Separate out processing permanent counts from countmatch.reader #32

cczhu · 2020-01-08T16:43:01Z

Based on comments in #25 and discussions with @aharpalaniTO, we'll be revising how we treat permanent counts. To do this, we can no longer identify and process permanent count locations while reading in data year-by-year, since data imputation and outlier detection for permanent count stations requires data from other years.

To resolve this:

Separate out permanent count processing methods from AnnualCount.
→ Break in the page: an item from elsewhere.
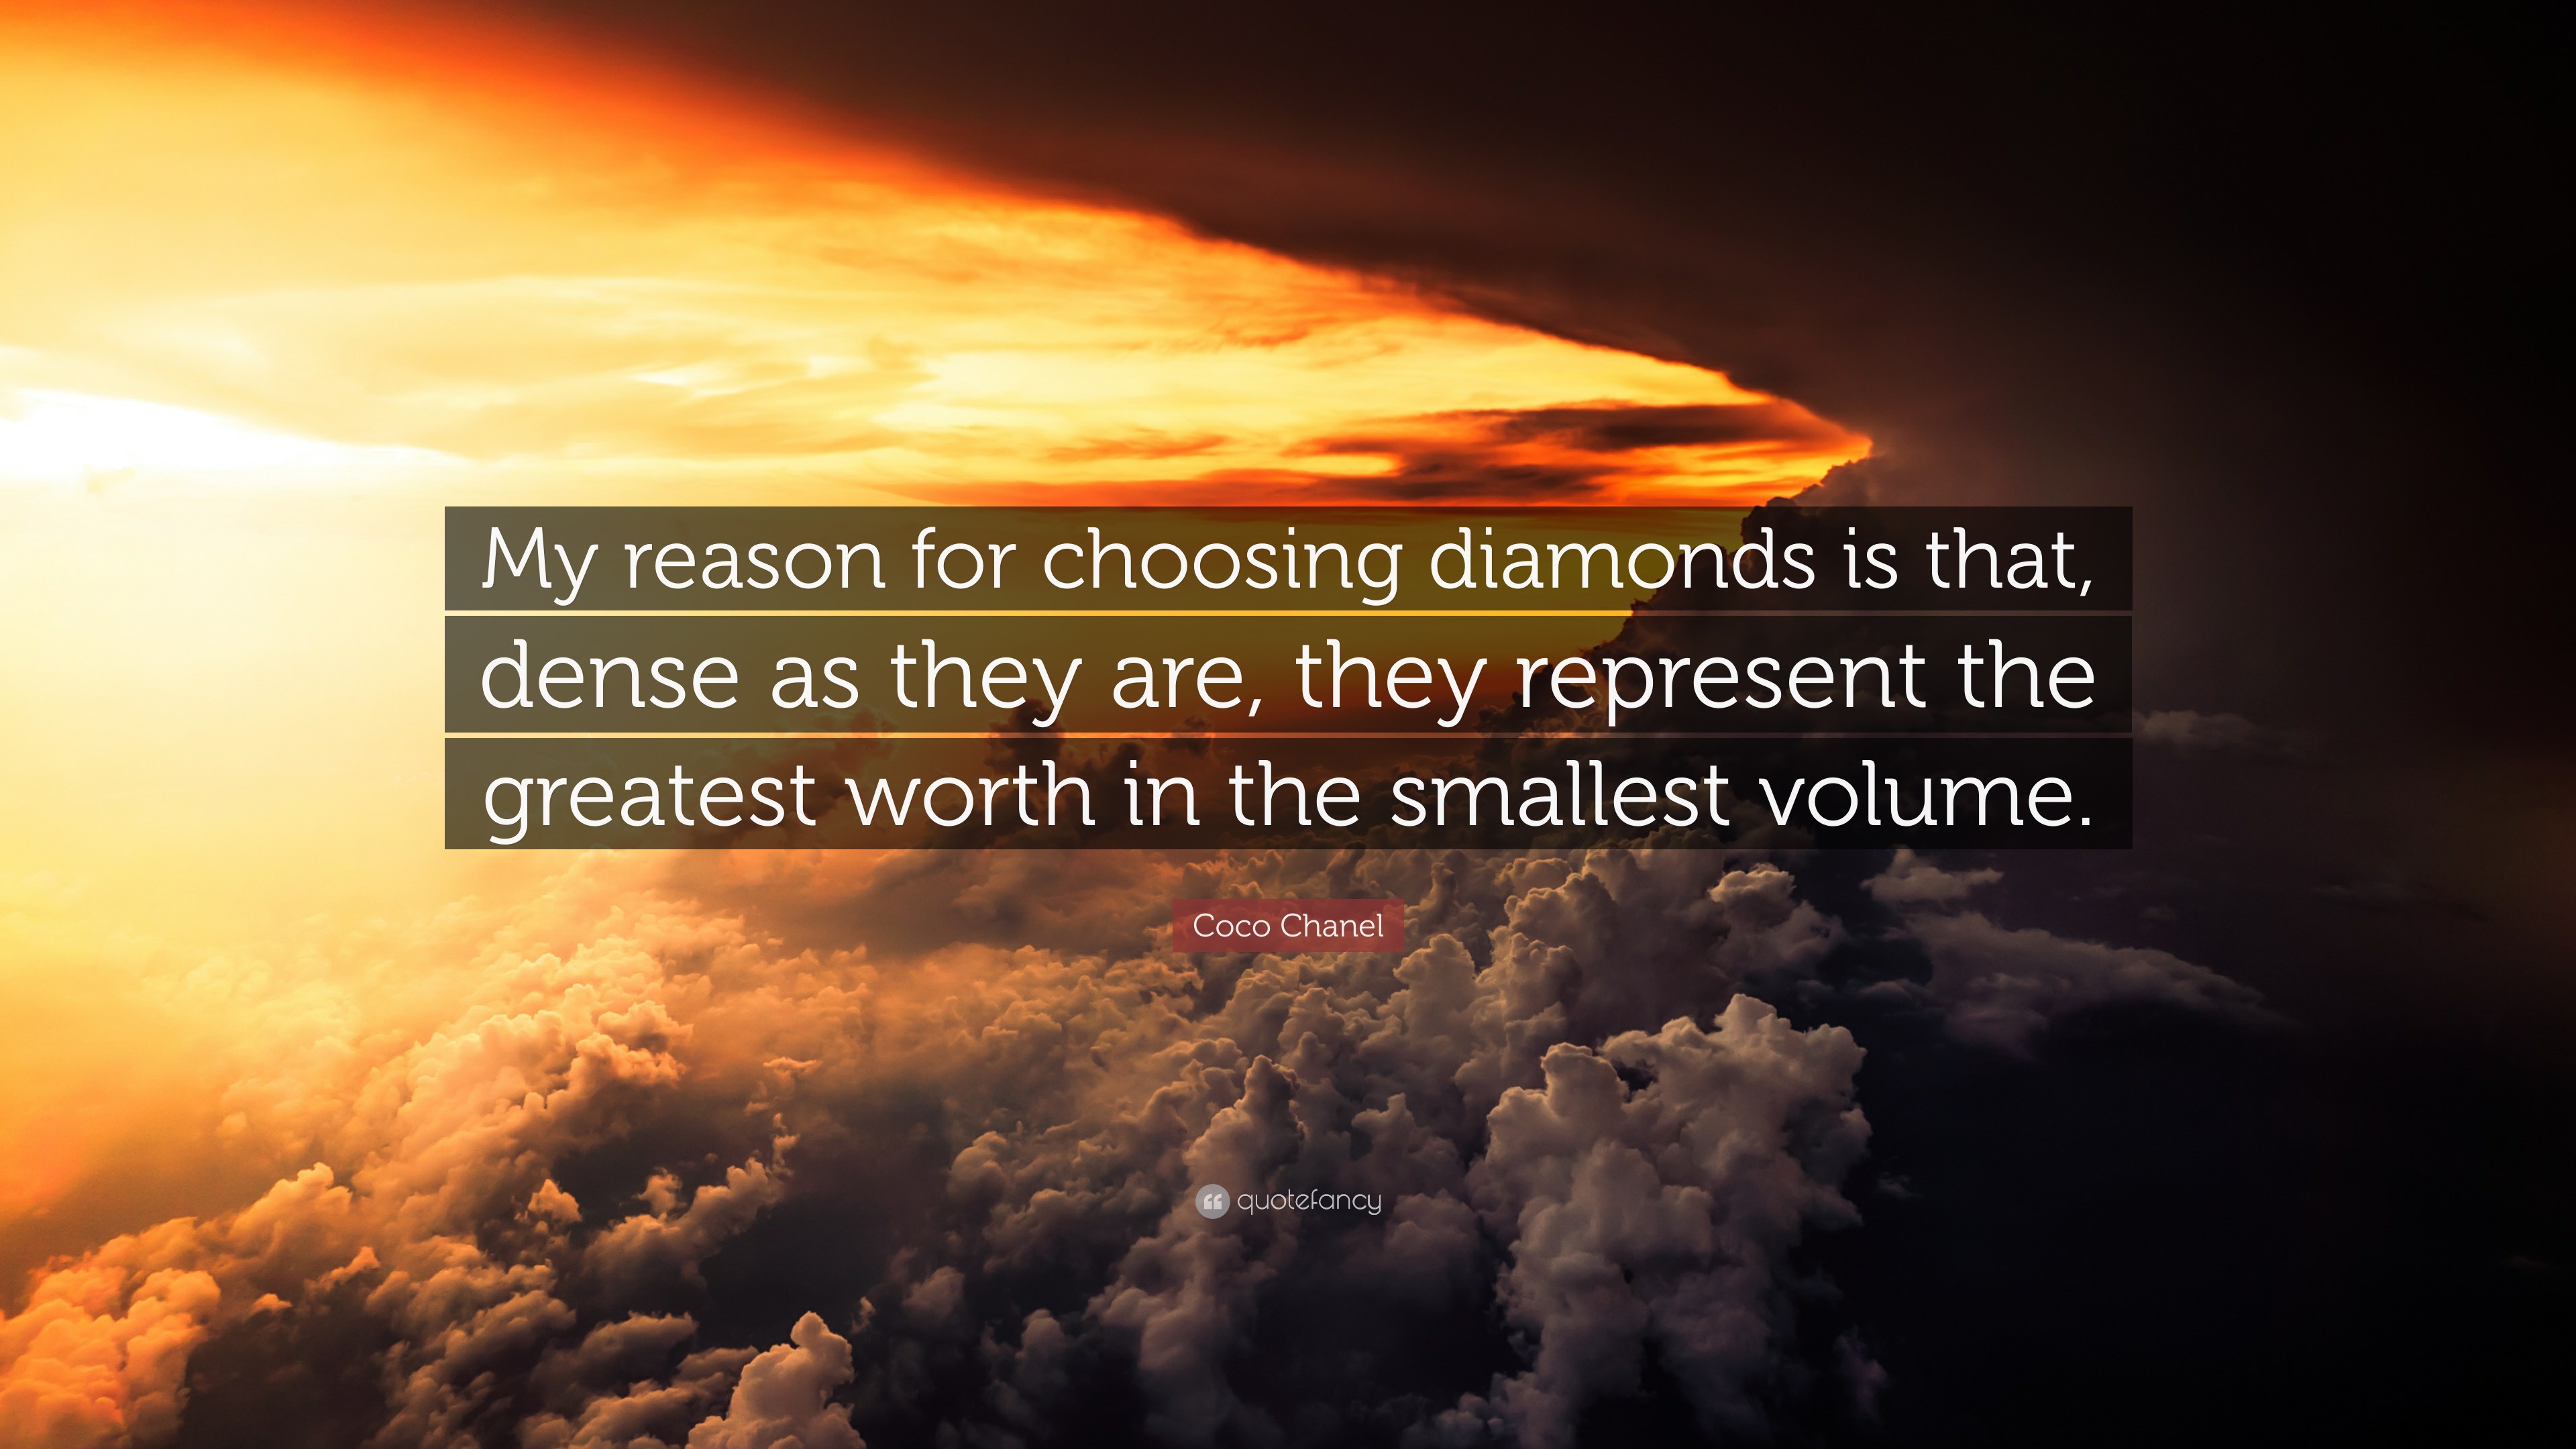 Coco Chanel Quote: “My reason for choosing diamonds is that, dense as they  are, they represent

These will eventually go into
Rename AnnualCount to RawAnnualCount, since it's only used by Reader and gets discarded as soon as multiple years are combined into single multi-index tables.
Rework Reader so that it no longer distinguishes between PTCs and STTCs - all locations will be handled the same way.
Refactor growthfactor.py into permcount.py, which will handle all permanent count processing, including outlier detection. We'll move methods into their own files in a subsequent issue if permanentcount.py gets too long. This will also solve one point in Clean up and expand countmatch.growthfactor #26 .
Refactor test suite to handle these changes. We might need to wait until Permanent count ratio imputer #33 is finished before finalizing all tests.
Handle Refactor countmatch.reader to something less jumbled #21 in the process.

The text was updated successfully, but these errors were encountered:

cczhu · 2020-01-11T22:32:13Z

Had a rethink of this task, and now realize why Arman was reluctant to start mucking around with data imputation of permanent count stations, especially if he already had PECOUNT working to fill in missing ~2-3 months of data.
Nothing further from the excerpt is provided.